Speaker
Description
Graph Neural Networks (GNNs) are a leading approach for particle track reconstruction, typically following a three-step pipeline: graph construction, edge classification, and graph segmentation. In edge-classification pipelines like ACORN, the segmentation step is often a trade-off between the speed of local algorithms (e.g., Junction Removal) and the accuracy of global algorithms (e.g., Walkthrough). While the latter achieves superior physics performance by evaluating global path features, its combinatorial complexity limits scalability.

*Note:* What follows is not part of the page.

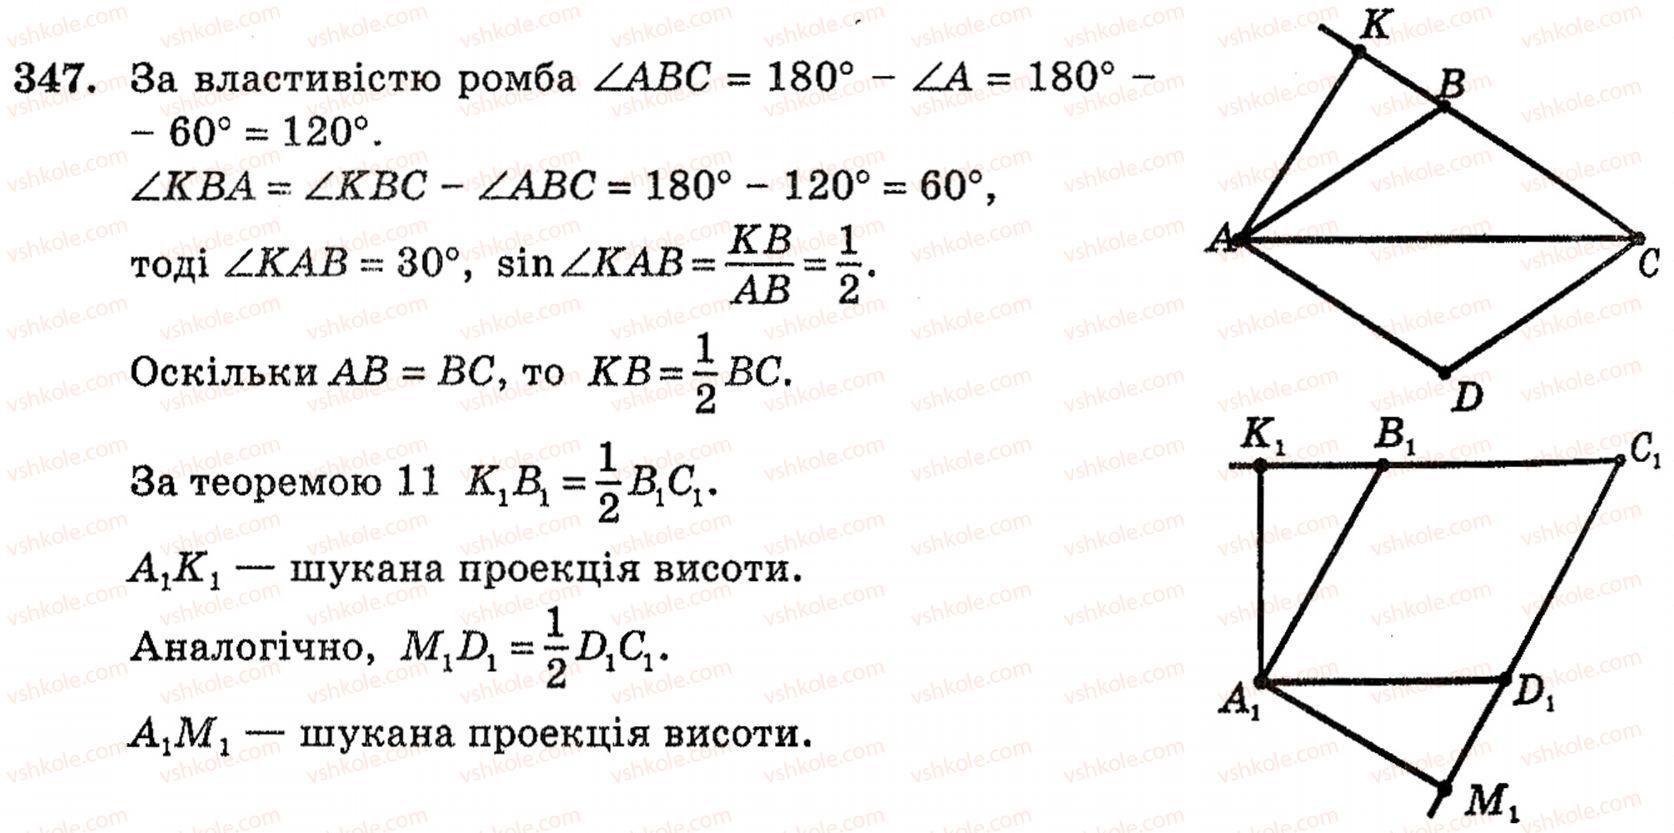 гдз 10 класс бевз решебник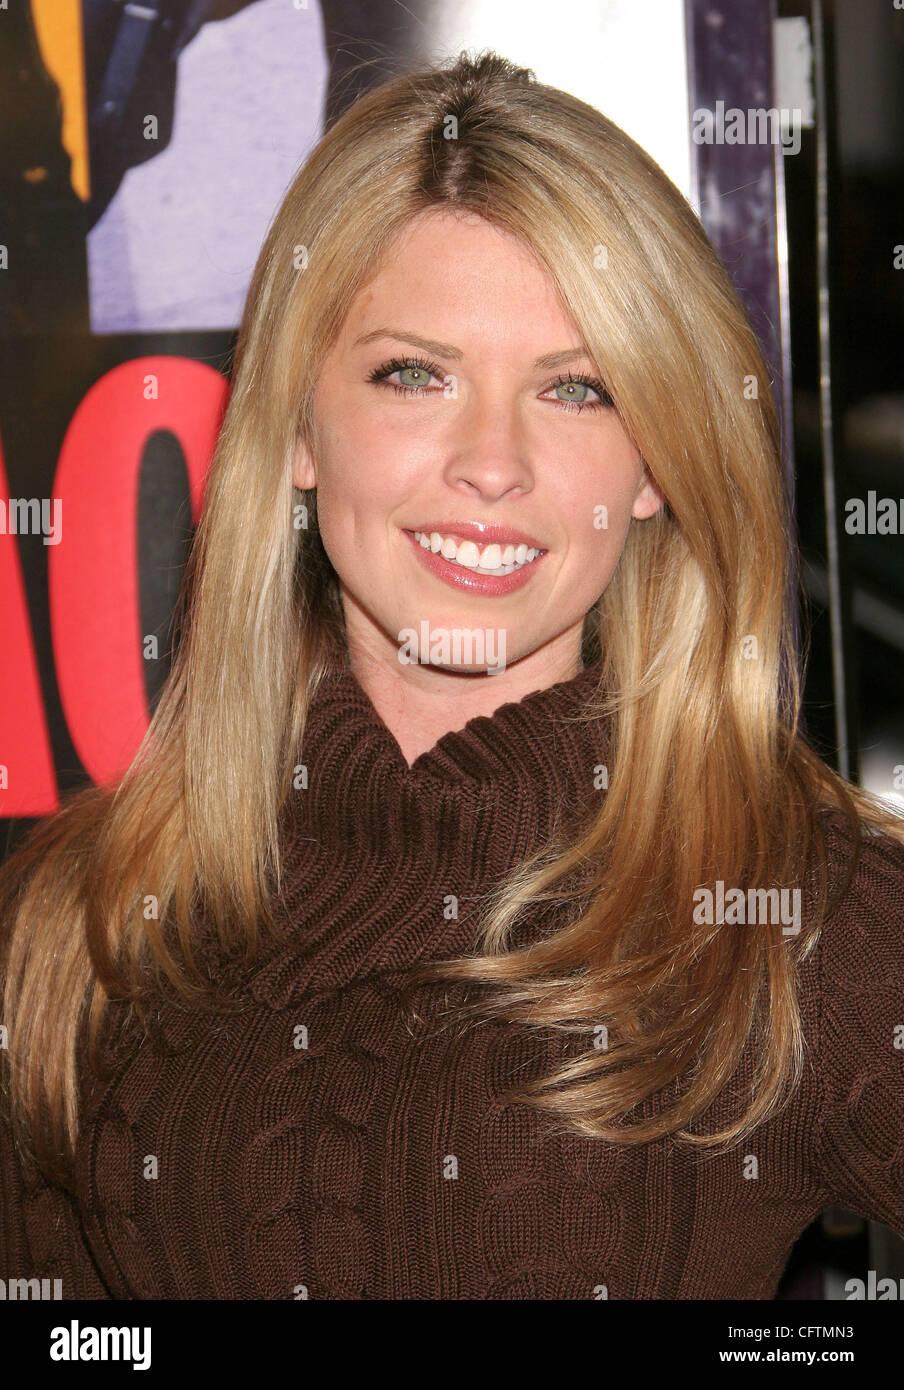 Jan 18, 2007; Hollywood, California, USA;  Actress NICOLE ANDREWS    at the 'Smokin Aces' World Premeire - Stock Image

In this talk, we introduce two novel methods to bridge this gap. First, we propose “D-WALK” (Dynamic programming-based WALKthrough), an algorithm that enables access to global path features without the exhaustive combinatorial search, significantly improving execution timing. Notably, D-WALK extends the capabilities of traditional walkthroughs by enabling efficient path comparisons in both directions, resolving ambiguities at junctions with both multiple incoming and multiple outgoing edges. Second, we introduce “Junction Resolution,” an extension to local segmentation that resolves graph ambiguities using learned edge embeddings from a modified GNN. We demonstrate that Junction Resolution achieves physics performance comparable to or better than global walkthroughs while maintaining the efficiency of local methods. Using the newly released ColliderML dataset, we show that these methods offer a scalable path forward for GNN-based tracking with substantial gains in both physics accuracy and computational throughput.